We demonstrate an optically sectioned fluorescence lifetime imaging microscope with a wide-field detector, using a convenient, continuously tunable (435-1150 nm) ultrafast source for fluorescence imaging applications that is derived from a visible supercontinuum generated in a microstructured fiber.

Fluorescence lifetime system for microscopy and multiwell plate imaging with a blue picosecond diode laser.

We report a wide-field fluorescence lifetime imaging (FLIM) system that uses a blue picosecond pulsed diode laser as the excitation source. This represents a significant miniaturization and simplification compared with other time-domain FLIM instruments that should accelerate the development of clinical and real-world applications of FLIM. We have demonstrated this instrument in two configurations: a macroimaging setup applied to multiwell plate assays of chemically and biologically interesting fluorophores and a microscope system that has been applied to imaging of tissue sections.

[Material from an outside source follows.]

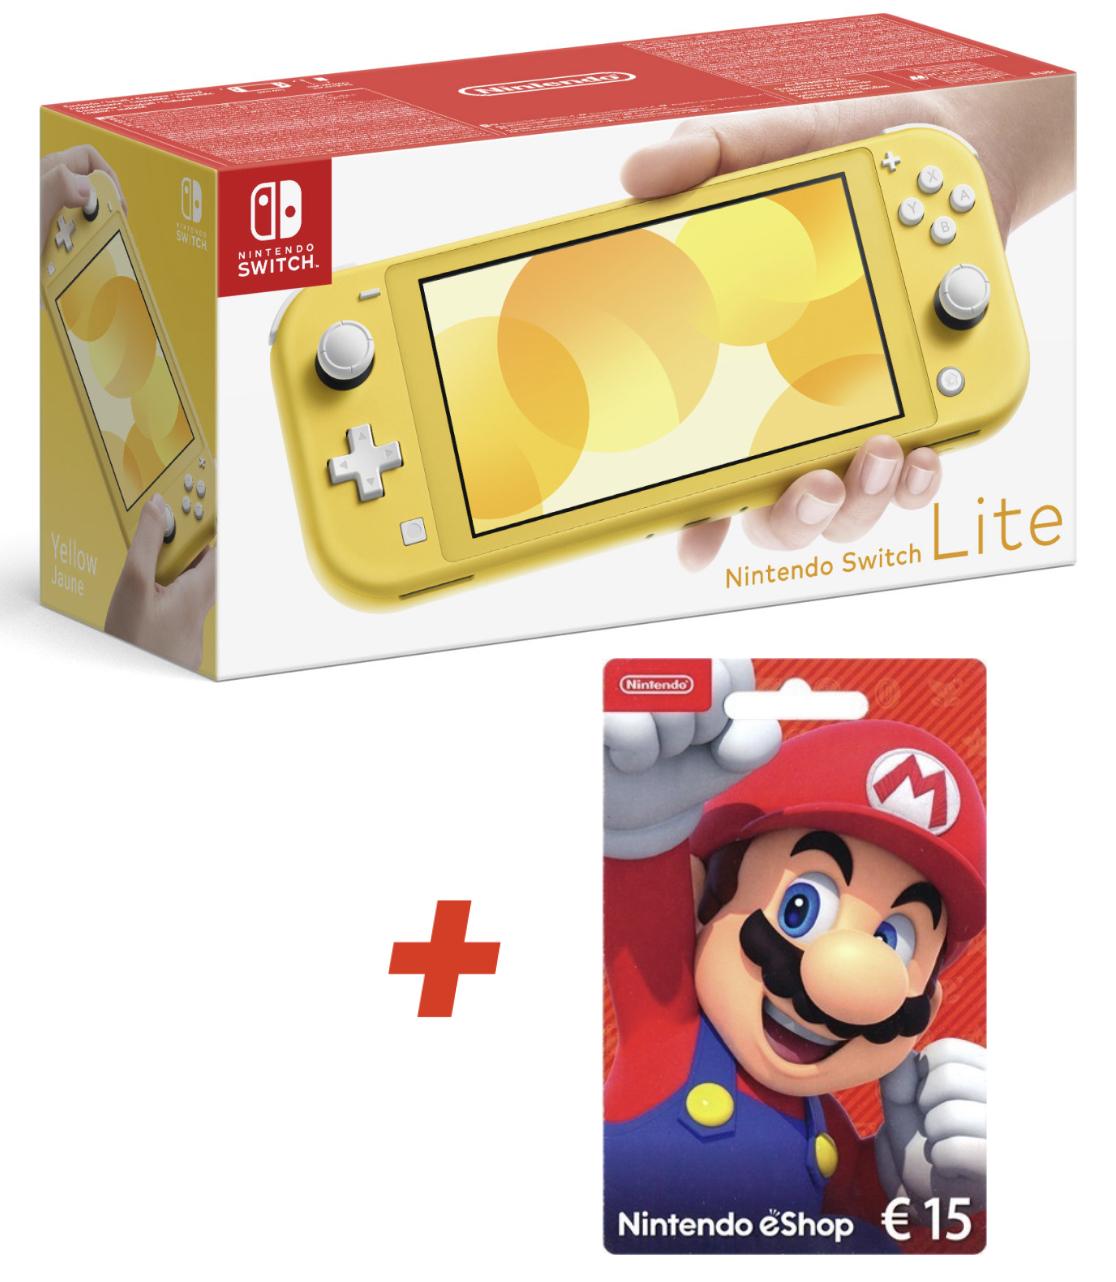 Nintendo Switch Lite Konsole gelb + 15€ Nintendo eShop Card für zusammen 179,70€ inkl. Versandkosten
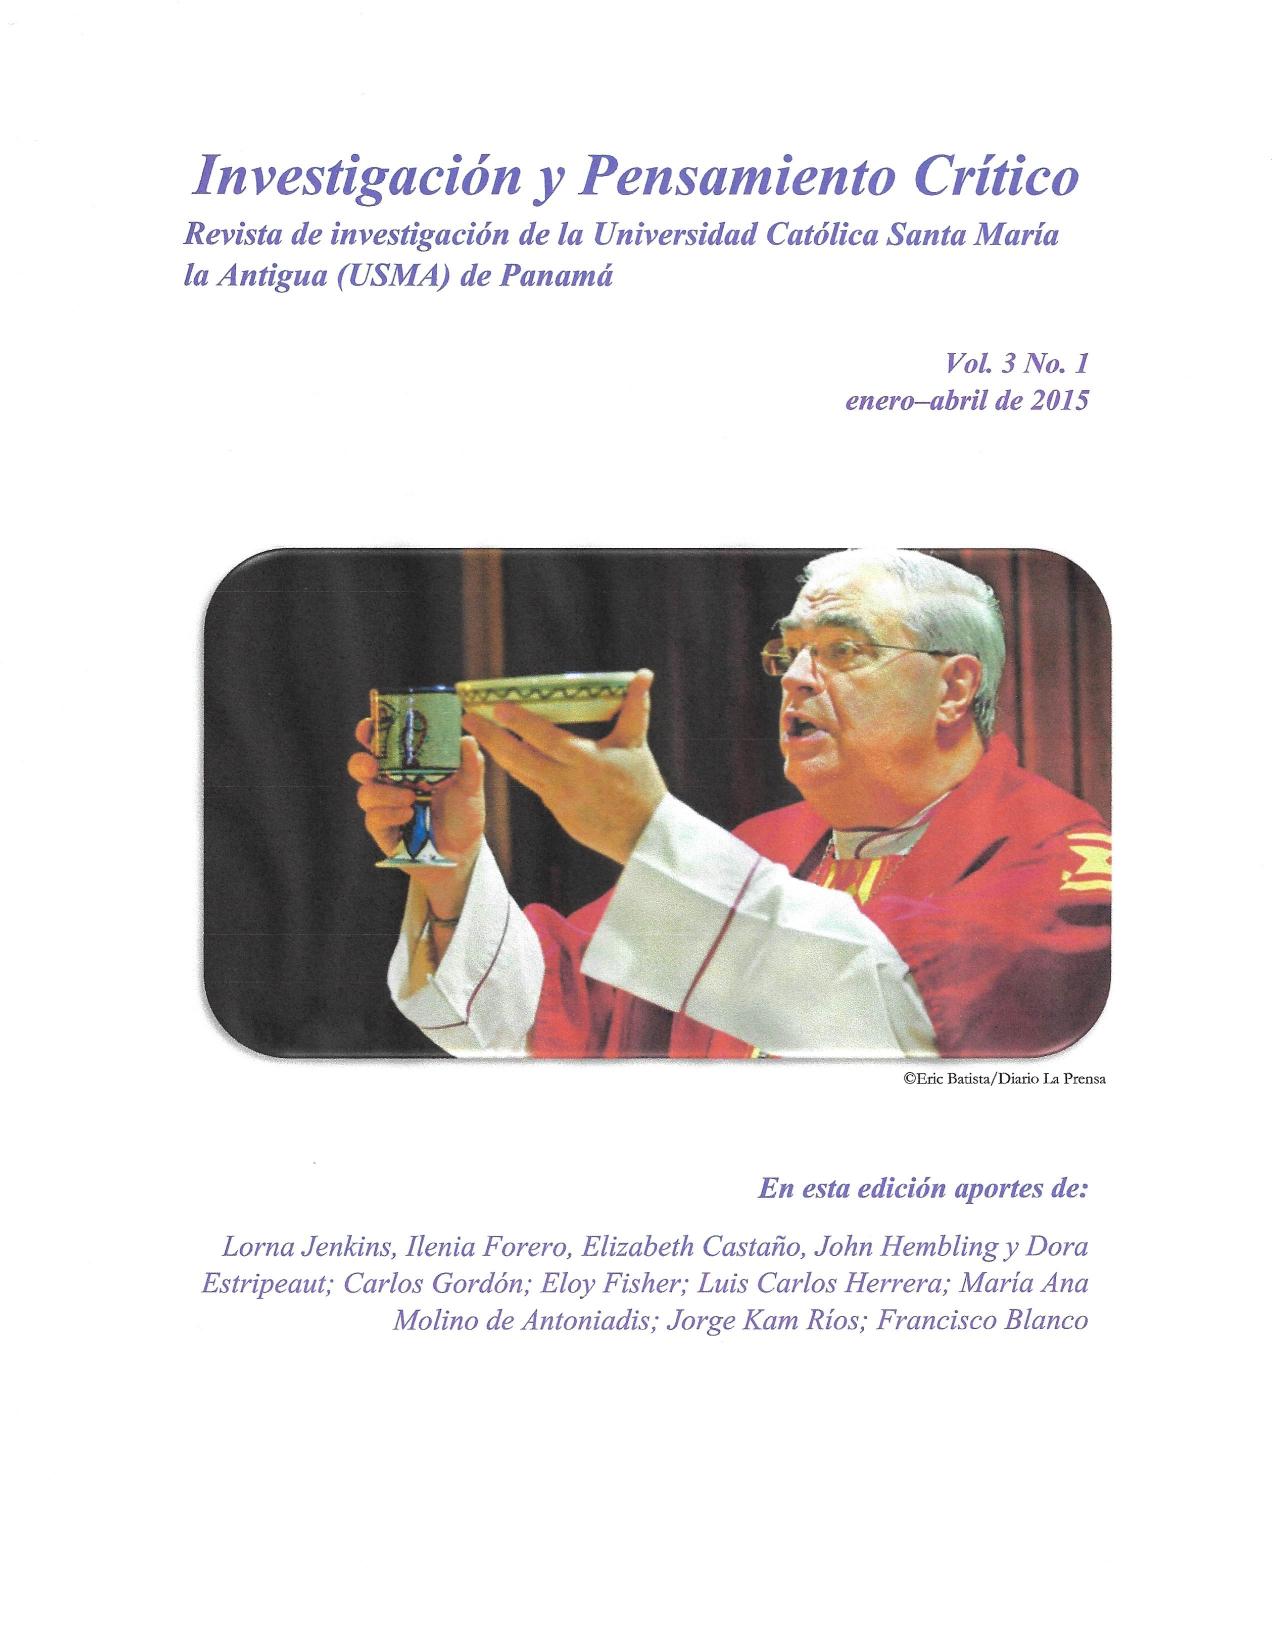 Imagen revista IPC, volumen 3, número 1, año 2015

The importance of the adjustable repetition rate of this laser source is discussed with respect to noise reduction and precision in the lifetime determination, illustrating a further significant advantage over conventional mode-locked solid-state lasers.

High-speed wide-field time-gated endoscopic fluorescence-lifetime imaging.

We report the development of a high-speed wide-field fluorescence-lifetime imaging (FLIM) system that provides fluorescence-lifetime images at rates of as many as 29 frames/s. A FLIM multiwell plate reader and a potentially portable FLIM endoscopic system operating at 355-nm excitation have been demonstrated.